Systematic errors in the correlation method for Johnson noise thermometry: residual correlations due to amplifiers

TL;DR

This paper presents a hybrid analytical and numerical method to accurately evaluate residual correlation errors in Johnson noise thermometry, improving the precision of temperature measurements by better modeling amplifier noise.

Contribution

It introduces a combined analytical-numerical approach for modeling residual correlations in JNT, enhancing accuracy and efficiency over traditional methods.

Findings

The proposed method accurately estimates residual correlation errors.

Application to an ultralow-noise amplifier demonstrates effectiveness.

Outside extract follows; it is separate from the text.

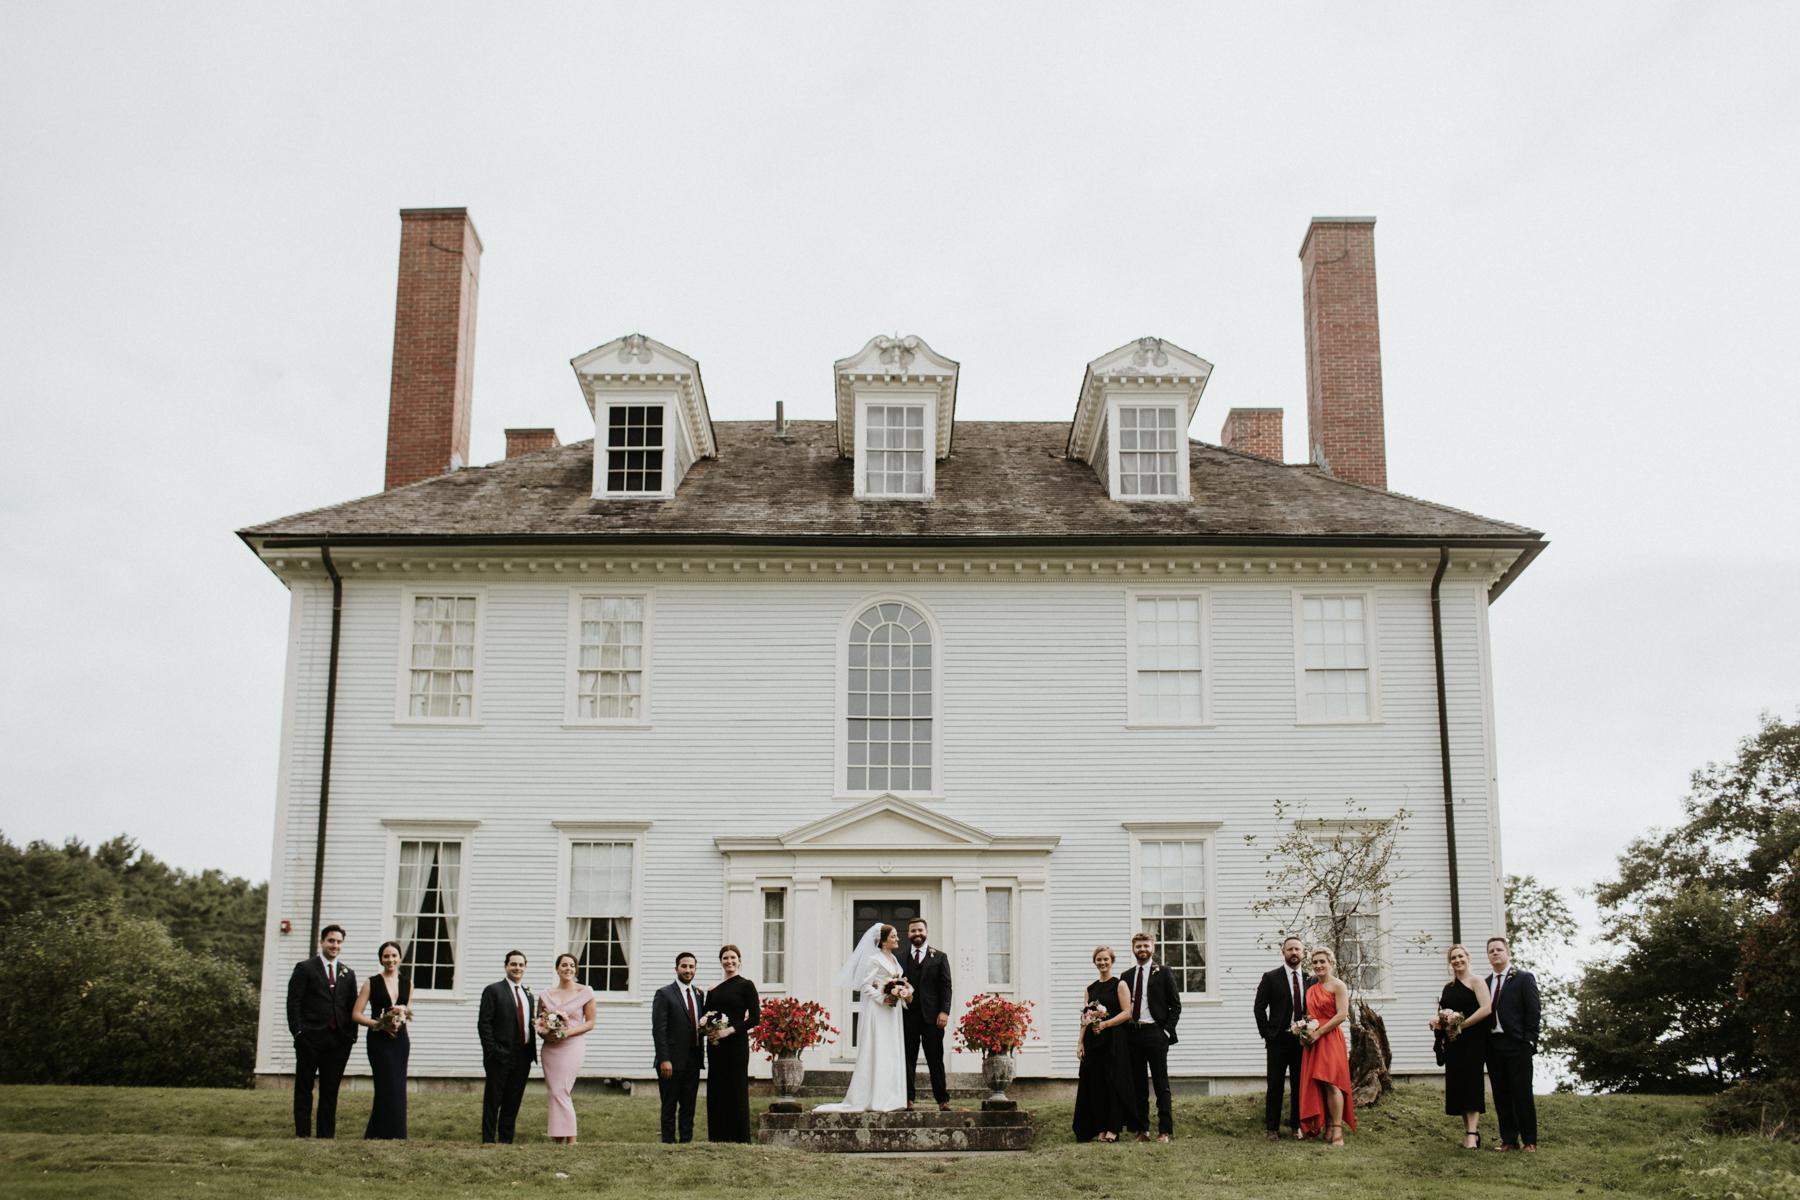 Hamilton_House_wedding_maine_Leah_Fisher_Photography-14.jpg

The approach simplifies the evaluation process for complex amplifier circuits.

Abstract

Johnson noise thermometers (JNT) measure the equilibrium electrical noise, proportional to thermodynamic temperature, of a sensing resistor. In the correlation method, the same resistor is connected to two amplifiers and a correlation of their outputs is performed, in order to reject amplifiers' noise. Such rejection is not perfect: the residual correlation gives a systematic error in the JNT reading. In order to put an upper limit, or to achieve a correction, for such error, a careful electrical modelling of the amplifiers and connections must be performed. Standard numerical simulation tools are inadequate for such modelling. In literature, evaluations have been performed by the painstaking solving of analytical modelling. We propose an evaluation procedure for the JNT error due to residual correlations which blends analytical and numerical approaches, with the benefits of both: a rigorous and accurate circuit noise modelling, and a fast and flexible evaluation with an user-friendly commercial tool. The method is applied to a simple but very effective ultralow-noise amplifier employed in a working JNT.